The leading Republican heavyweights in Texas -- long-term Gov. Rick Perry and freshman Sen. Ted Cruz -- could be headed for a showdown in 2016.
The possibility of both men throwing their hats into the ring for the GOP's presidential nomination is the talk of the Lone Star State, reports Politico.
"It would be the battle of the titans," Steve Munisteri, chairman of the Texas Republican Party, told the publication. "They are both very popular here. Obviously Ted Cruz is riding a wave of immense popularity, but I think the governor has a lot of residual goodwill."
Although Perry ran for president in 2012 and has indicated he is interested in another bid for the White House, Cruz has become the darling of the conservative tea party movement for his aggressive stance against Obamacare, leading the way to last month's government shutdown.
"What we do know is that what was once Rick Perry's party is now very clearly Ted Cruz's," one Texas GOP operative told Politico.
But Perry, who has announced he will not run for re-election as governor, is using his position as the state's top elected official to maintain a presence in the national spotlight.
The governor returned to Des Moines, Iowa, last Thursday, meeting with business and political leaders and touting his record during three terms in office.
Perry has frequently claimed credit
for "The Texas Miracle," citing low taxes and little regulation that he says helped the state maintain its relative economic strength during the recession.
"The answers for the country are going to be found in these state capitals, not in Washington, D.C," Perry said in an interview with The Dallas Morning News.
Perry said that most Americans are tired of Washington infighting all around and, while polls show most people blame the GOP for last month's government shutdown, it hurt Democrats as much as Republicans.
"It’s a 'pox on both their houses,' is what Americans think, because Washington is dysfunctional," Perry told the newspaper.
He also drew a sharp contrast between himself and Cruz. Asked about the senator's role in the government shutdown, Perry responded, "Everybody gets to go out and do their thing. That's his thing. My thing is governing."
Cruz is also likely to draw a sharp distinction between himself and Perry if they do face off in the GOP primaries a little over two years from now.
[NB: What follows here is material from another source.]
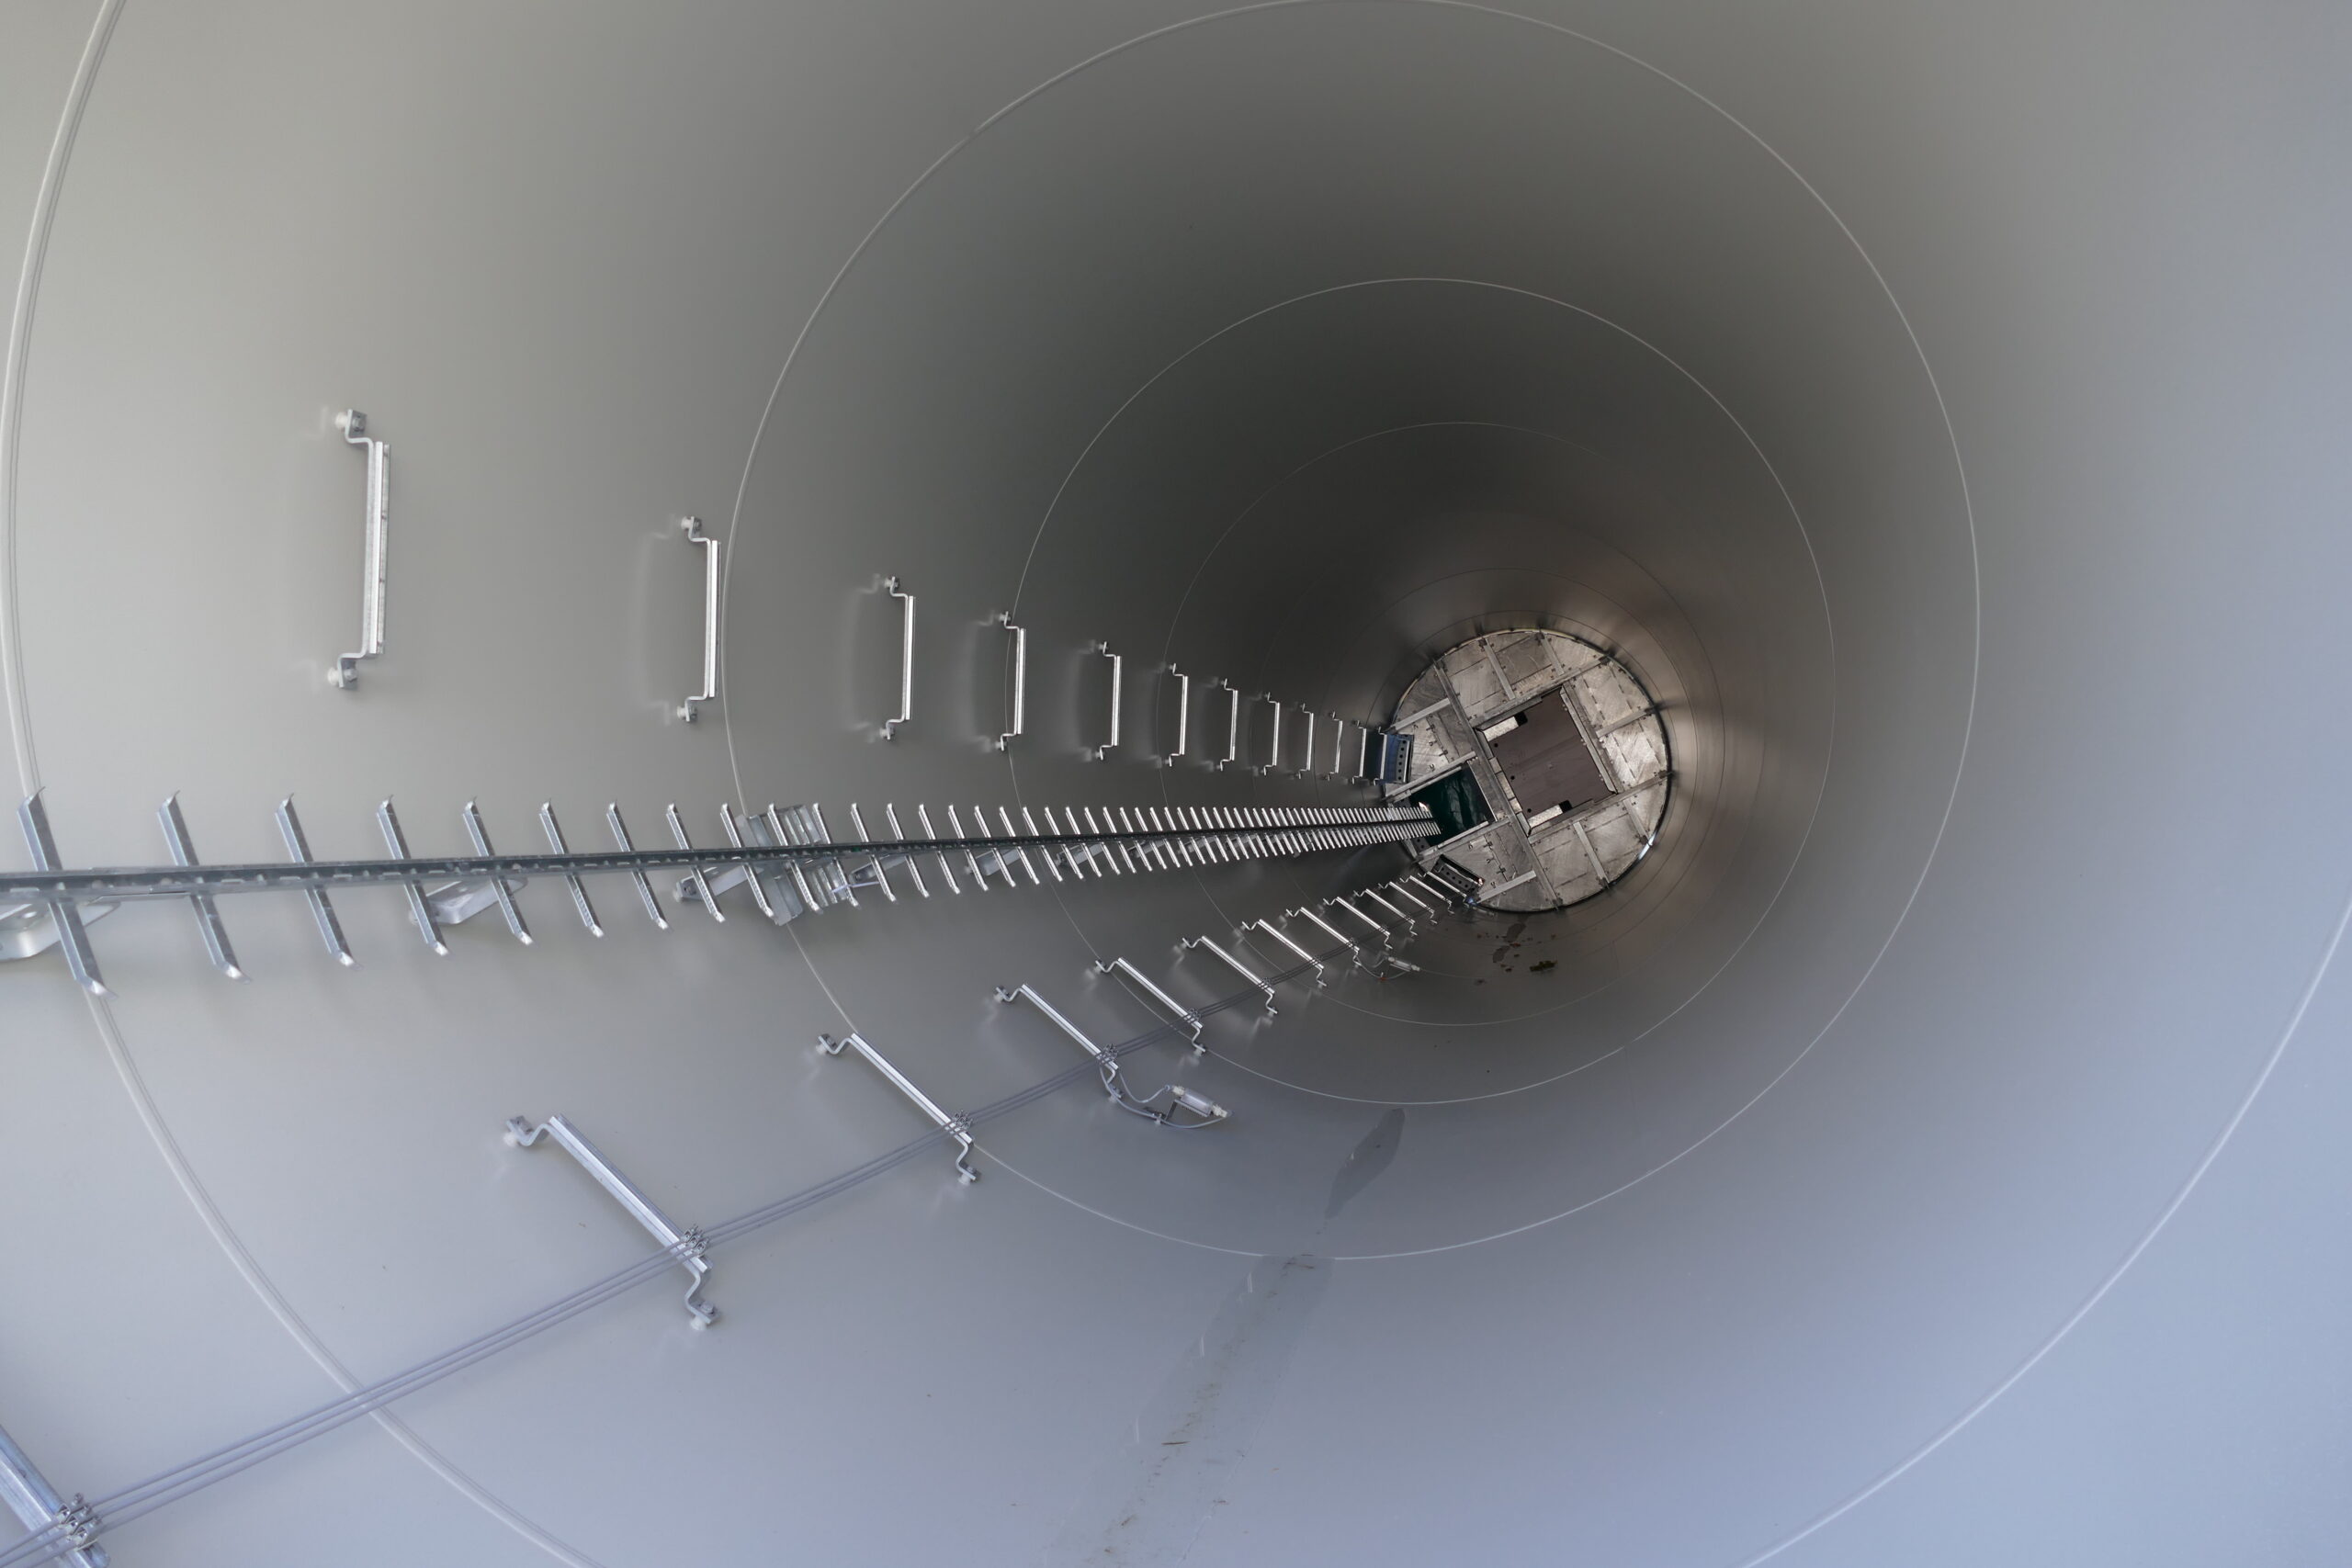 The inside of an under-construction wind turbine’s hollow vertical column, showing the built-in ladder rungs that allow access to the nacelle (top part) for maintenance and repair purposes

"It's not hard to conceive of what Ted Cruz's line of criticism against Perry would be: 'This is somebody who is the past, a member of the establishment. I'm the future,' "Jim Henson, an Austin-based pollster and the director of the Texas Politics Project, told Politico.
If Cruz and Perry both run, they would be competing head on for Texas donors and big name supporters as well. The initial victors could be the state's political pundits.
"It will be Christmas every day for people who do what we do," Evan Smith, editor-in-chief of The Texas Tribune, told Politico. "It will be amazing."